At best, people can offer their advice, thoughts, conclusions, convictions, and rationale for choosing their particular dating camp, but that’s about it. Mandating grey areas in the dating realm for others isn’t exactly promoting freedom in Christ.

One of the areas where we’ve read quite a bit of discussion on the Interwebs is in the area of making a list of qualities one might desire in a spouse. We’ve seen people from both sides look down on the other from their lofty perches.

Not too long ago, we realized it was a topic we had not covered on this site. And the interesting thing was that we didn’t even agree on whether or not people should create said lists. Add that to the million other things we don’t see eye-to-eye on, yet we still remain friends. How is that possible in this day and age?

So in true SingleRoots fashion, we decided it was time for “The Great Debate,” especially to see what our readers think about the idea of a list. We don’t think there is acut and dried answer on this topic, but it’s fun to talk about. Feel free to share your thoughts in the comments.

Through my twenties, I was often told to make a “list” of what I wanted in a future wife. I declined to do this for several reasons:

• Who am I to know what’s truly best for me? That’s God’s department, right?
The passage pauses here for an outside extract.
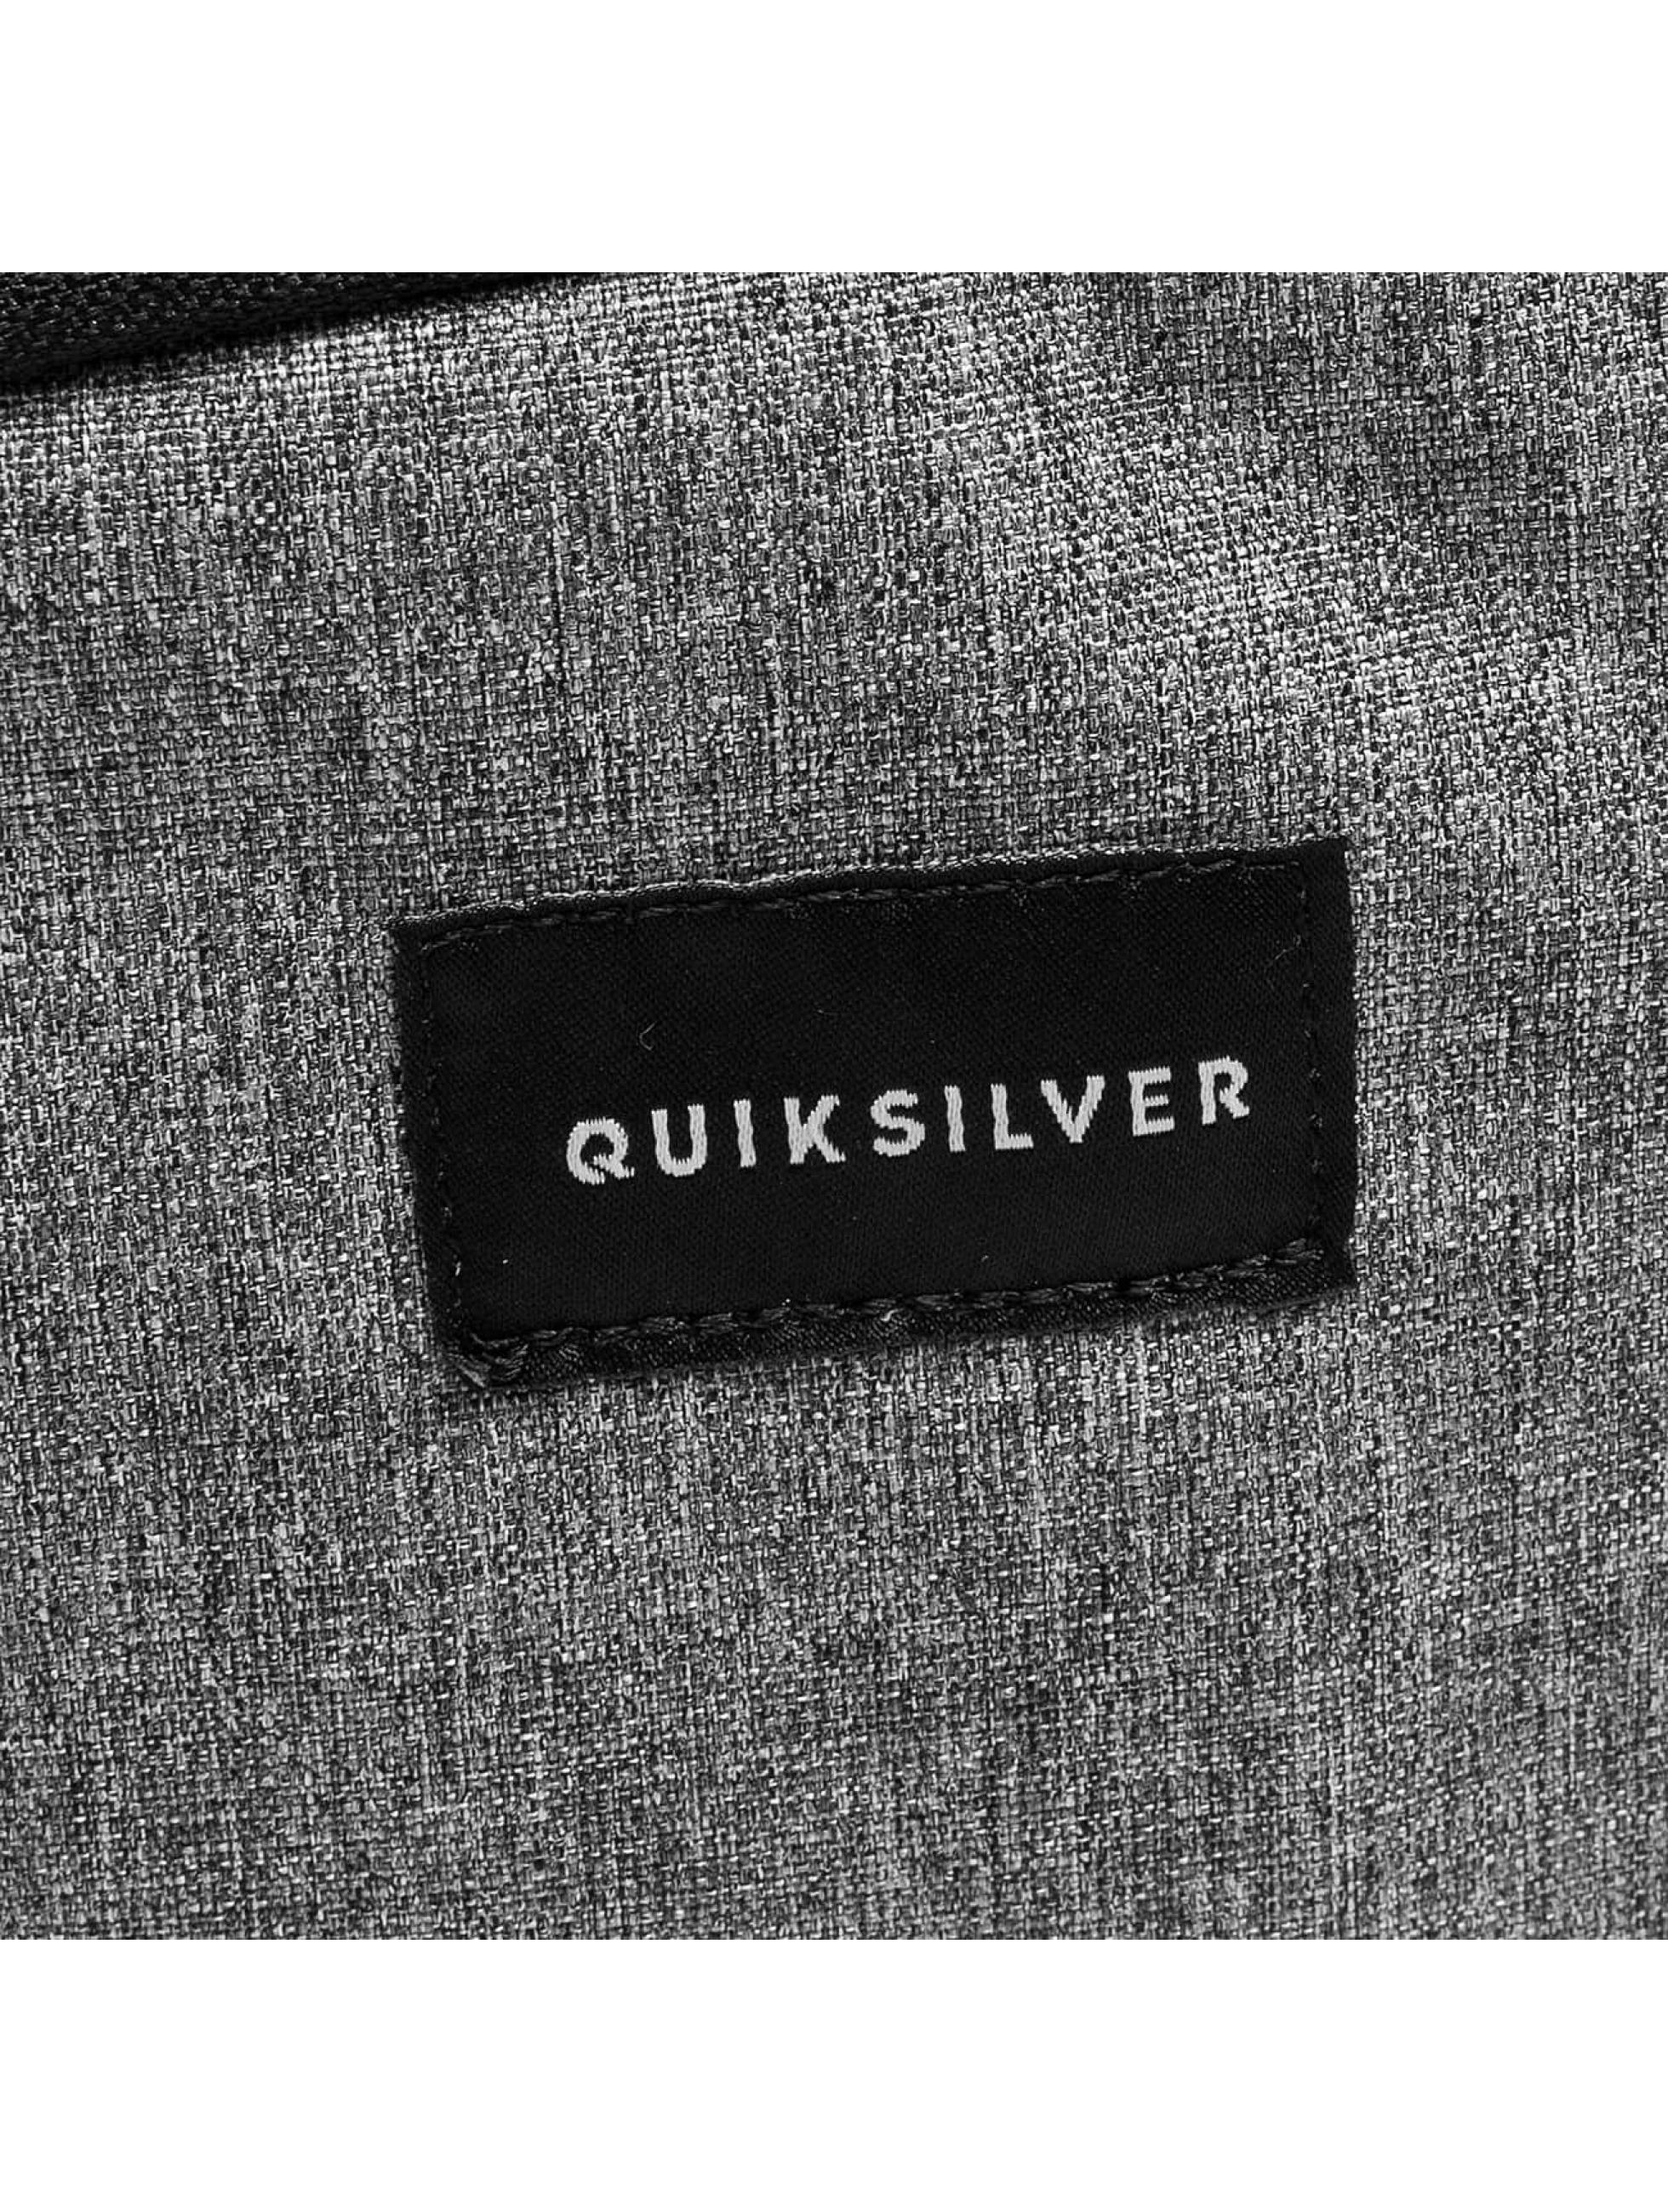 Quiksilver Mochila 1969 Special gris
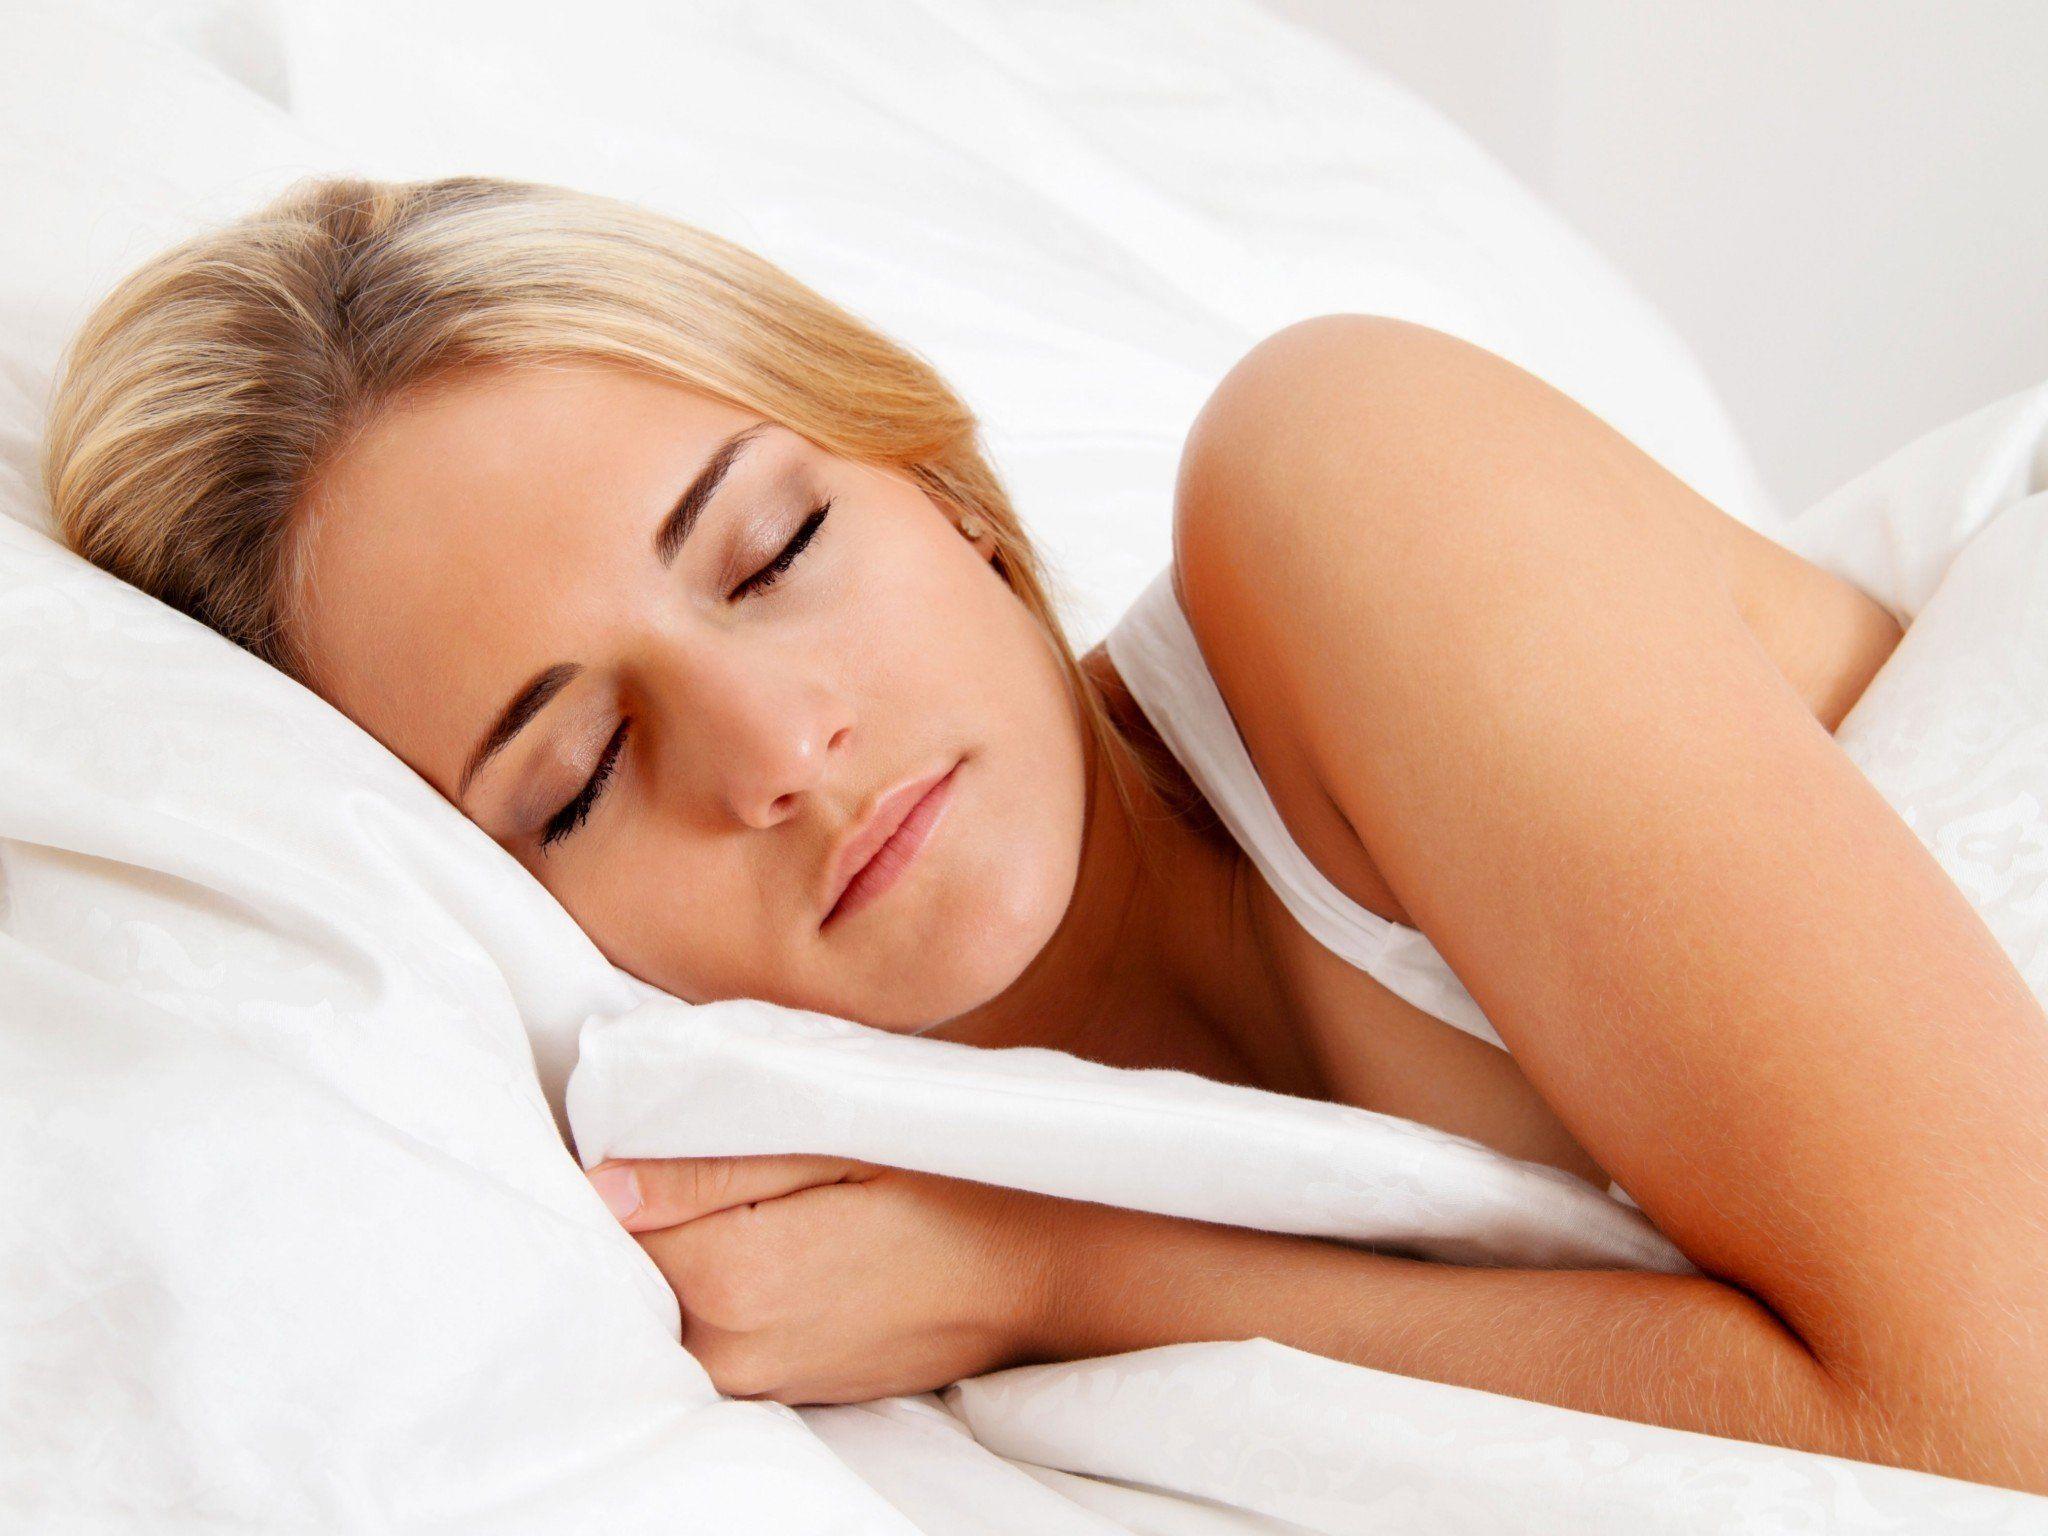 Die überlebenswichtige Ruhephase beschäftigt seit Jahrzehnten die Mediziner.

• Why limit my options to only what my finite mind can think up?

• Checklist + dating = not romantic.

Yes, there should be some non-negotiables on a mental checklist that every potential mate should be processed through, but creating a long, detailed list sounded very limiting to me.

However, a couple years ago a married friend and mentor of mine changed my mind. I was in a dating drought wondering if God had forgotten about me, and my friend said it was the perfect time to write a list because I had no specific girl on my mind.

He told me to:

• Pray. Nothing specific, just pray to get into a peaceful state of mind.

• Start listing and don’t hold back. Write down every desire of my heart – both serious and superficial.

• File it away. Once I was finished, he said I should pray over it and put it away.

So after a decade of not creating a list, I took my friend’s advice and created one. I ended up with 22 things on my list — ranging from spiritual traits to the color of hair I preferred to the foods I hoped she liked. My friend later told me he had 43 things when he did his list.

Every time I wrote a more serious trait down, it caused me to reflect as well. It forced me to ask myself: If I met her today, would I offer her this important trait in return? One of the benefits of making a list was to show me areas of my own life that I needed to work on.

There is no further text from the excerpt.